The V60: In this cup, while it’s still hot, it tastes a lot like a slice of Portillo’s chocolate cake. What’s that? You’re not from Chicago and thus haven’t been blessed with the experience of a Portillo’s chocolate cake? Well, to what can I liken this coffee then – a fudge nut brownie. It has a big, bold, and forward chocolate flavor with a very subtle dash of almond. I say subtle because, while I can taste it, I don’t want to commit to stating that it’s a nutty coffee. As it cools off, I tangerine acidity makes an appearance. Finally, at room temperature, this coffee becomes almost entirely different. A light and delicate white tea flavor comes out and the coffee becomes suddenly floral and fruity – the white tea, the rosiness, the citrus, and just a dash of pear and lemon.

The Chemex: In this cup, the tea-like delicacy and lightness make their appearance first, and it’s accompanied by a rose hip floral play. Again, though, as the cup cools off, a citrus acidity starts to show up; this time, though, instead of a tangy tangerine, the citrus is more like a blood orange – bold, juicy, and sweet. Then, at room temperature, a bed of raw cocoa, salted caramel, and brown sugar finishes the cup off.

The Clever: In this cup, again, the tea-like delicacy and lightness make their appearance first, but without the floral aromatics accompanying it. As the cup cools off a bit, the citrus acidity comes out – instead of oranges, though, the citrus is more like a zesty lemon; citric, but also a little zesty and sour. Then again, at room temperature, the chocolate that was so prevalent in the aroma and the V60 cup is thicker, more full-bodied, more pronounced; it also has a buttery sweetness and mouthfeel

Full body; light, buttery mouthfeel; orange citrus acidity; dry finish.

the bottom line:

When Mark Barany, owner and roastmaster of Kuma Coffee, offered to send me two packages of his coffee for review, I had no idea that he was going to send me two that were so incredible. The Sumatra Tano Batak (which I reviewed yesterday) was easily one of the best I’ve had so far this year, and today’s Guatemala Bella Carmona is certainly right up there with it.

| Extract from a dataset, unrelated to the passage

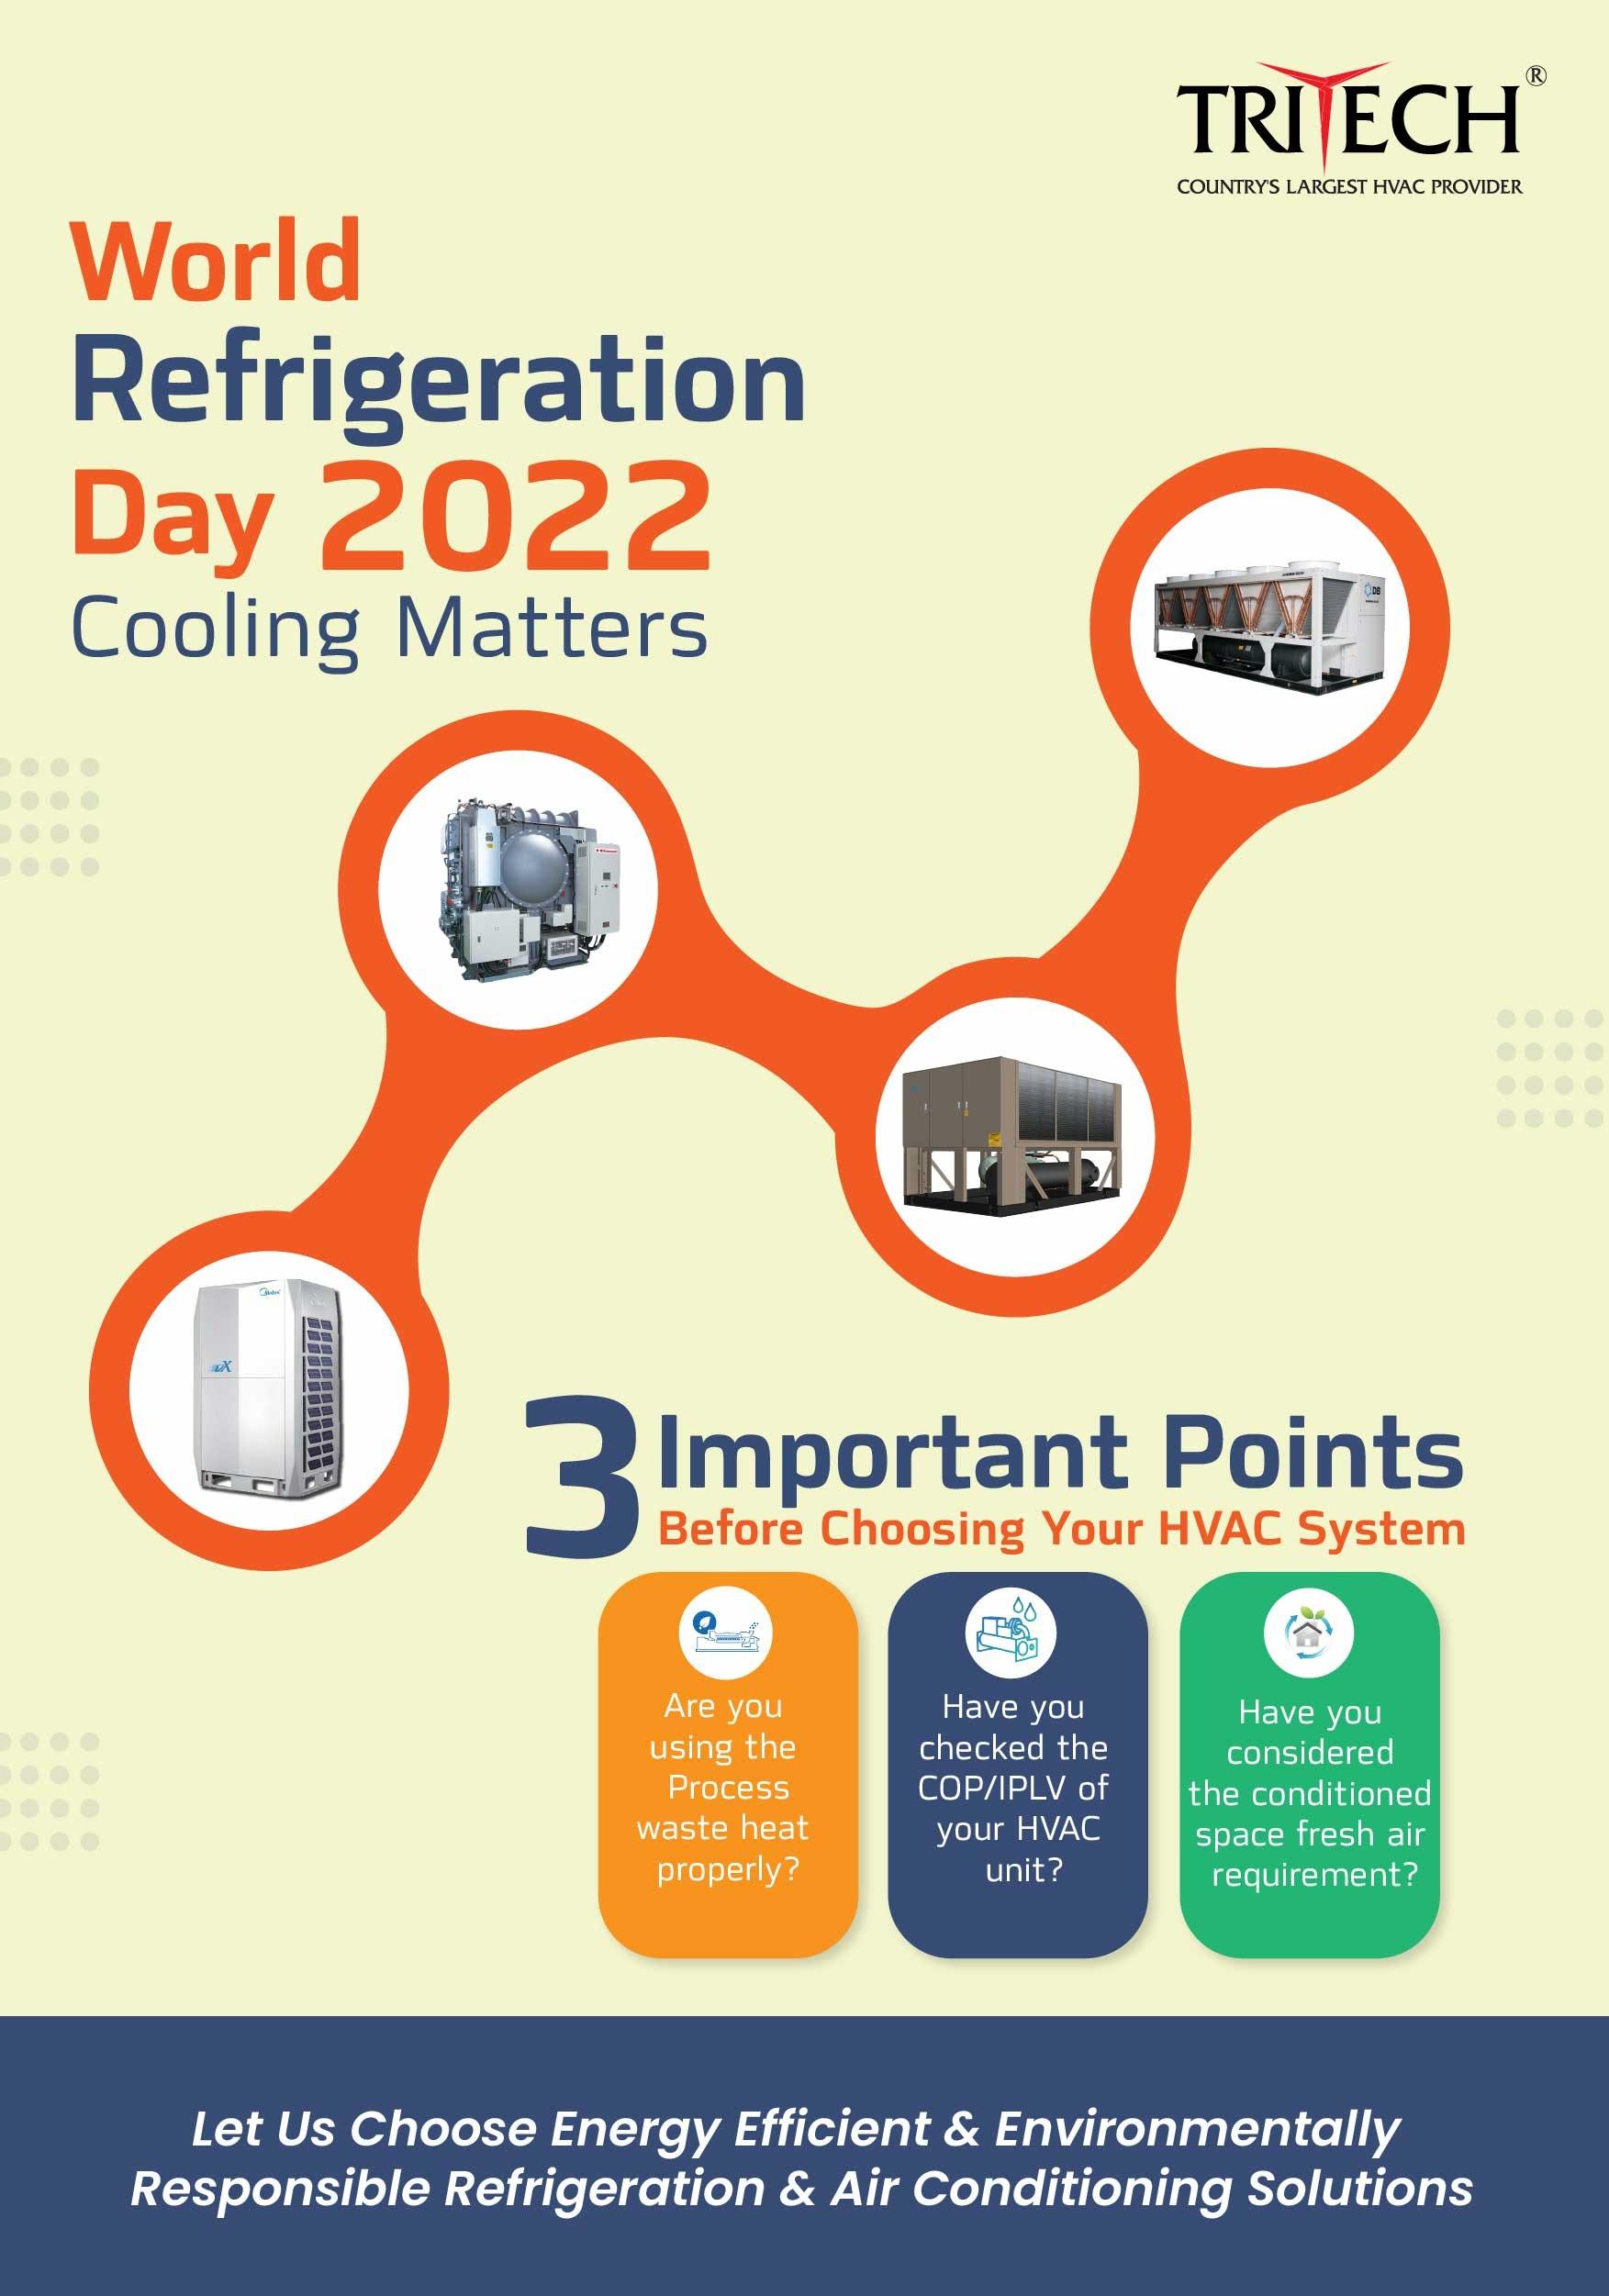 Tritech Refrigeration Day

I can’t get over how rich and decadent this coffee is – after each sip, I caught myself wanting to lick icing off my fingers. It’s a heavy coffee that is reminiscent of chocolate cake and tangerine, but also possesses the lightness and delicacy of rose hips and white tea. What I found most interesting about it is, the first couple times I brewed it, it tasted heavily of chocolate, butter, and brown sugar then cooled off to white tea and citrus acidity; after about a week, with two different brewers, it tasted heavily of white tea and citrus then cooled off to chocolate, butter, and brown sugar. The tasting notes were the same, but reversed.

Regardless, though, it’s definitely worth checking out – certainly worth all of the hype. It will challenge your taste buds just as much as it will please them.